Weiter Streit um Weiße Flotte und Lustgarten in Potsdam Klipp: Hotel Mercure das wirkliche Problem

In der Debatte um die Gestaltung des Lustgartens hat sich Potsdams Baubeigeordneter Matthias Klipp (Bündnisgrüne) gegen Kritik des Garten-Experten Klaus von Krosigk gewehrt.

Potsdam. Wie berichtet, hatte Krosigk die Stadt vor dem Bau des neuen Hafengebäudes für die Weiße Flotte am Neptunbecken gewarnt. Der „massive Riegel“ würde die Wiederherstellung des Lustgartens unmöglich machen. Klipp schreibt in seiner Antwort: „Die Rekonstruktion der historischen Anlage des Lustgartens war nie Ziel der Neugestaltung, sondern seine Interpretation als neuer Ort und vielfältig nutzbarer Volksgarten für Potsdam.“

Das „Ensemble Schloss-Lustgarten“ sei mit der Sprengung der Schlossruine, dem folgenden massiven Ausbau der den Lustgarten durchquerenden Verkehrstrassen, dem Bau des Stadions und des Hotels Mercure sowie der Zuschüttung des Neptunbeckens zerstört worden, so Klipp. Eine Rekonstruktion des Vorkriegszustands liege nicht in der Absicht der Stadt und entspreche auch nicht den 1999 formulierten Sanierungszielen.
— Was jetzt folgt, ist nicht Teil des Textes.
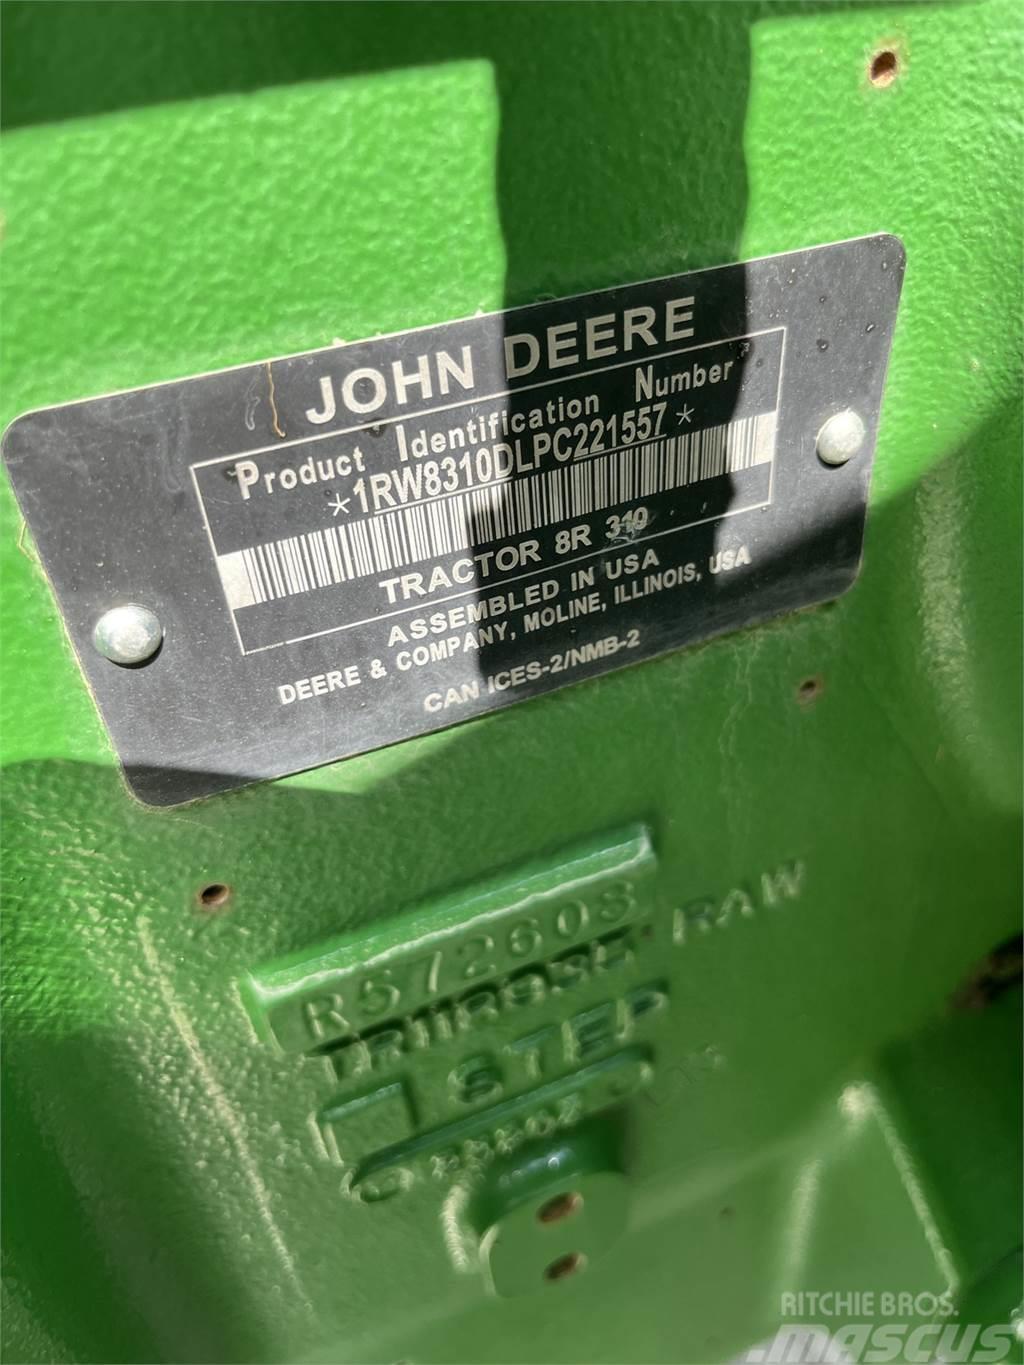 John Deere 8R 310 Tractoare
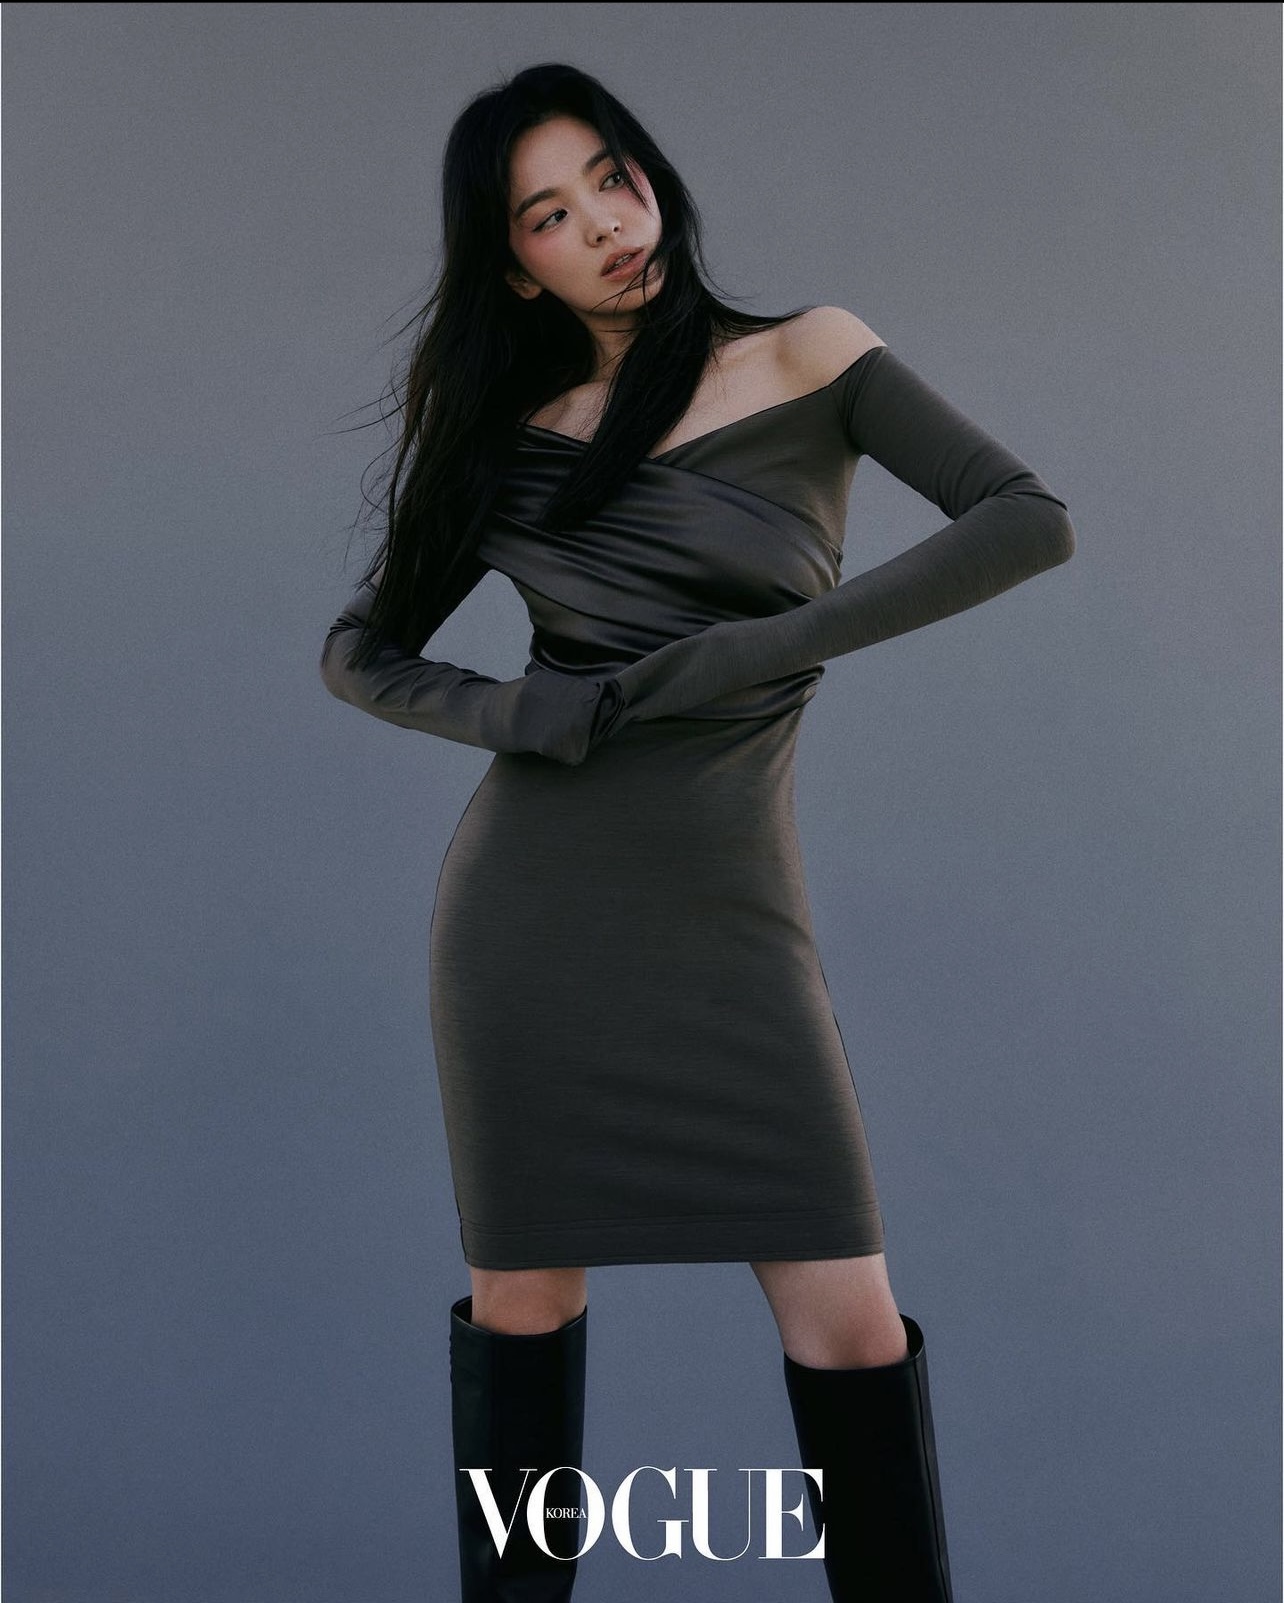 7749 outfit đẳng cấp chứng minh Song Hye Kyo là đại sứ hoàn hảo của Fendi - Ảnh 15.

Für Klipp stellt nicht der geplante Neubau für die Weiße Flotte, sondern das Hotel Mercure „das eigentliche Problem im Raumbezug zwischen Schloss und Lustgarten“ dar. Es sei insbesondere kurz vor Fertigstellung des Landtagsneubaus „unübersehbar, wie erheblich das 17-stöckige Hotelhochhaus die gesamte stadträumliche Proportion der Potsdamer Mitte“ störe, so Klipp. „Es stört vor allem die Beziehung zwischen Schloss und Lustgarten, indem es die Sichtachse zwischen Nikolaikirche, ehemaligem Schloss und wiederhergestelltem Neptunbecken verstellt.“

Offenbar rechnet der Baubeigeordnete aber in absehbarer Zeit mit einem Abriss des Hotels. Jedenfalls, so schreibt er an den Garten-Experten Krosigk, würden „aufgrund von aktuellen Entwicklungen Möglichkeiten der städtebaulichen Entwicklungen des Mercure-Grundstücks und die entsprechende Änderung der Sanierungsziele erneut geprüft“. (Von Jürgen Stich)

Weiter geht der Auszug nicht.